The Law Commission will analyse the law relating to digital assets and smart contracts to identify gaps in the law and offer reforms to accommodate the new technologies playing a role in our modern-day commercial engagements.
The intangibility of a simple digitised document means it cannot, on current understanding, be “possessed” and therefore cannot constitute a document of title under the Bills of Exchange Act 1882.
It is therefore quite clear that in a world which is moving rapidly towards complete digitisation of trade and transactions, legislation implemented more than a century ago is preventing businesses from achieving an optimal electronic environment.
The Law Commission has been asked by Government to make recommendations for reform to ensure that the law is capable of accommodating both cryptoassets and other digital assets in a way which allows the possibilities of this technology to flourish.

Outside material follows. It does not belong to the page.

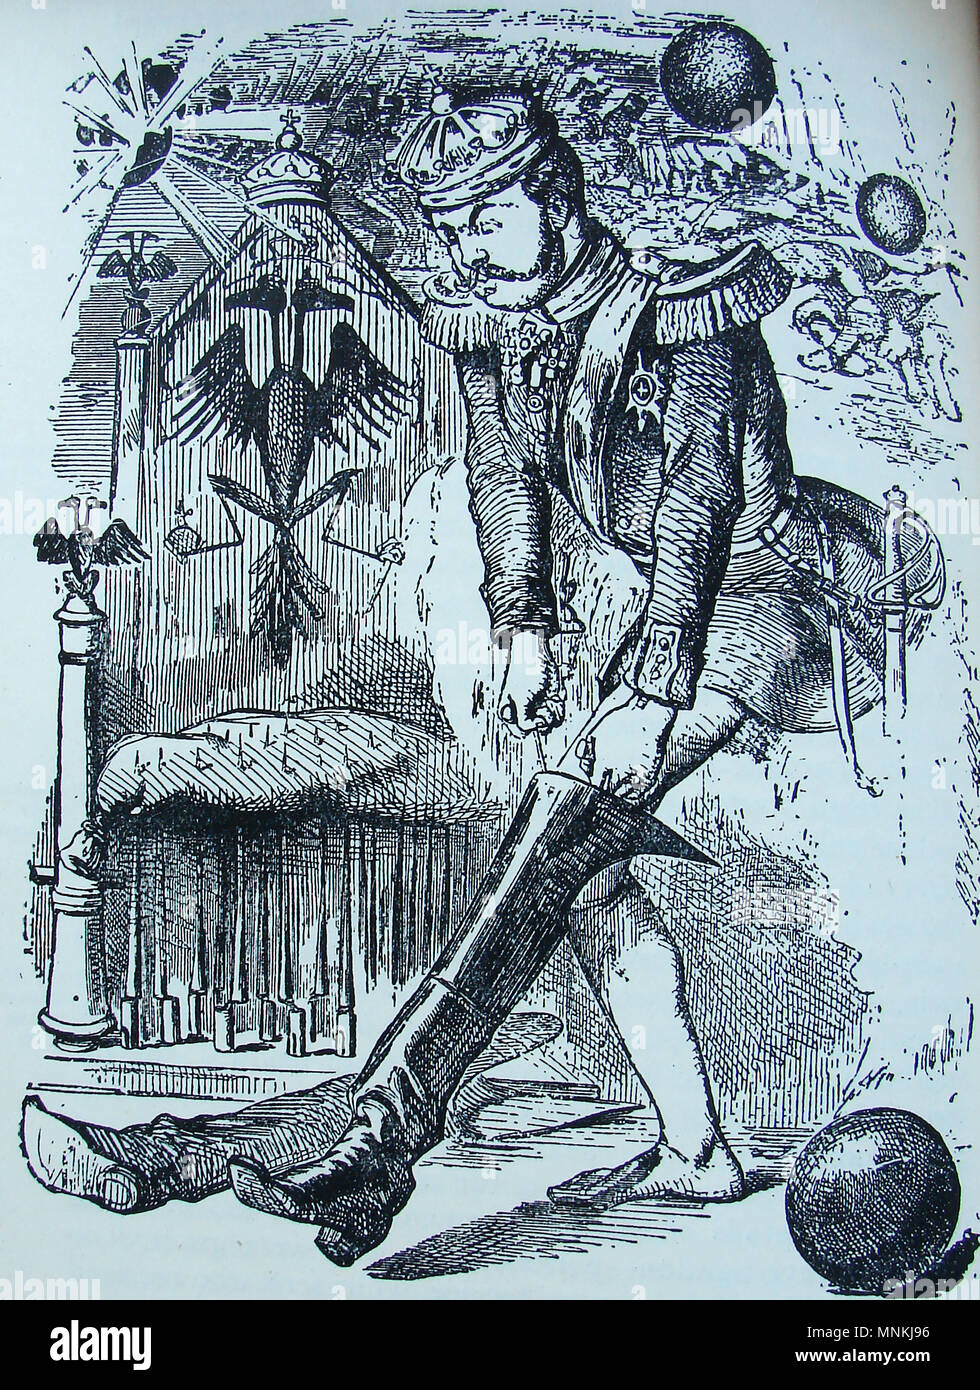 Britische politische Karikatur der Zeit - den jungen Zaren Alexander II. (1818-1881) von Russland versucht, auf seiner neuen Stiefeln, wenn "in sein Eigentum" während des Krimkrieges. Krieg war er es, der Alaska in die Vereinigten Staaten im Jahr 1867 verkauft Stockfoto

Emerging technologies such as distributed ledgers have made it possible for the performance of contracts to be automated.

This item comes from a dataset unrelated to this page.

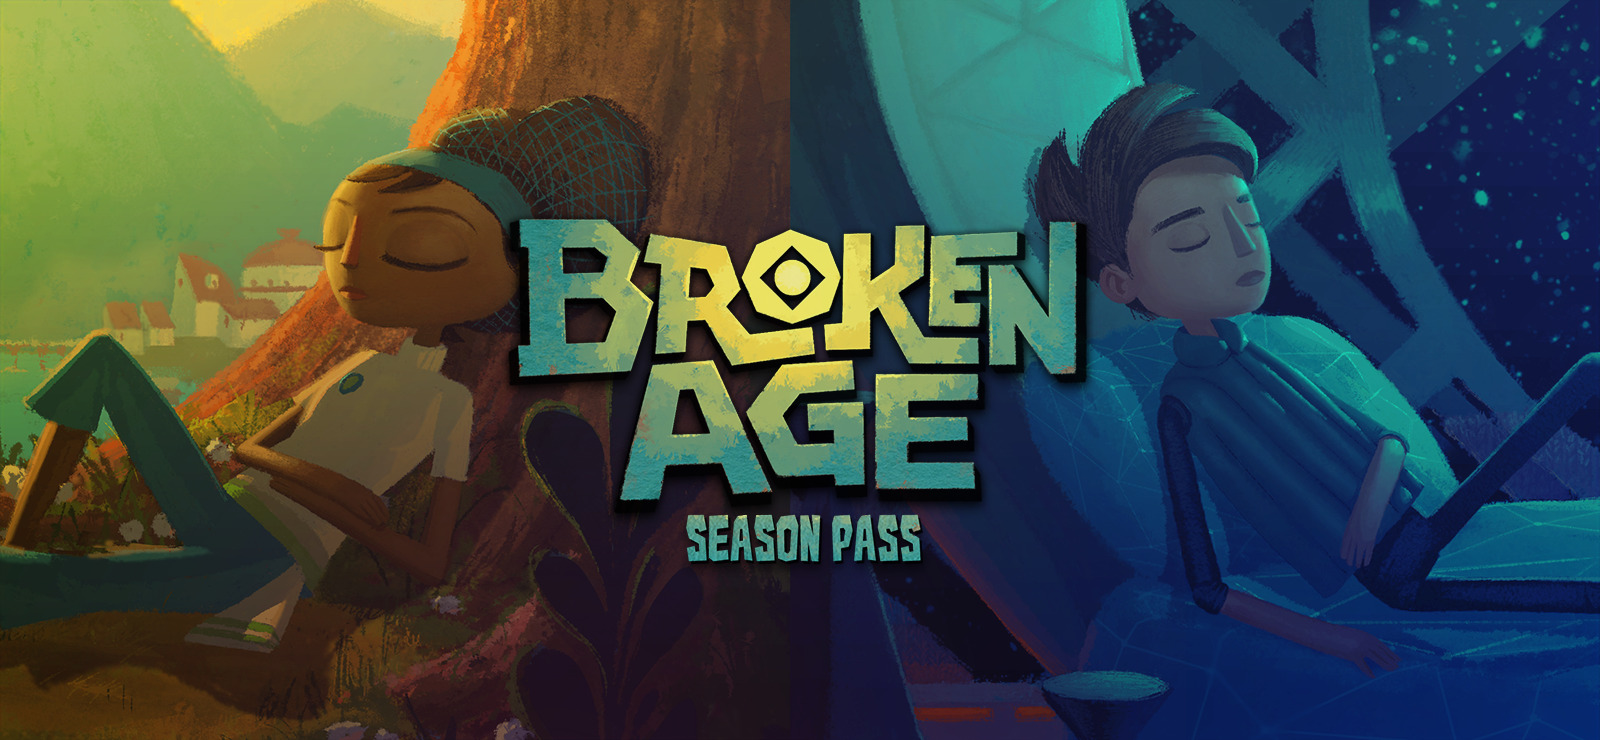 Broken age act 2 mac download torrent

Gone are the days where all contracts are in hard copy. However, the situation raises questions such as: when would contract in code be legally binding? And, how are smart contracts to be interpreted by the court?
“Cryptoassets and smart contracts are transforming the way we do business, and we want to ensure UK firms are able to fully benefit”. – Robert Buckland QC MP, Justice Secretary.
The project on smart contracts was announced by the Law Commission as part of its 13th Programme of Law Reform in December 2017, but was paused pending the outcome of the government-backed LawTech Delivery Panel’s work in the same area.
It is clear that the law must maintain an open mind to the demand for change if it is to maintains its reputation for sophistication, coherence, and efficacy, and so that businesses can be confident in their use of smart contracts.
Following the publication of the Legal Statement on the Status of Cryptoassets and Smart Contracts by the Panel’s UK Jurisdiction Taskforce, The Law Commission will analyse the law relating to digital assets and smart contracts and identify necessary reforms to the law with a view to publishing their first consultation paper in 2021.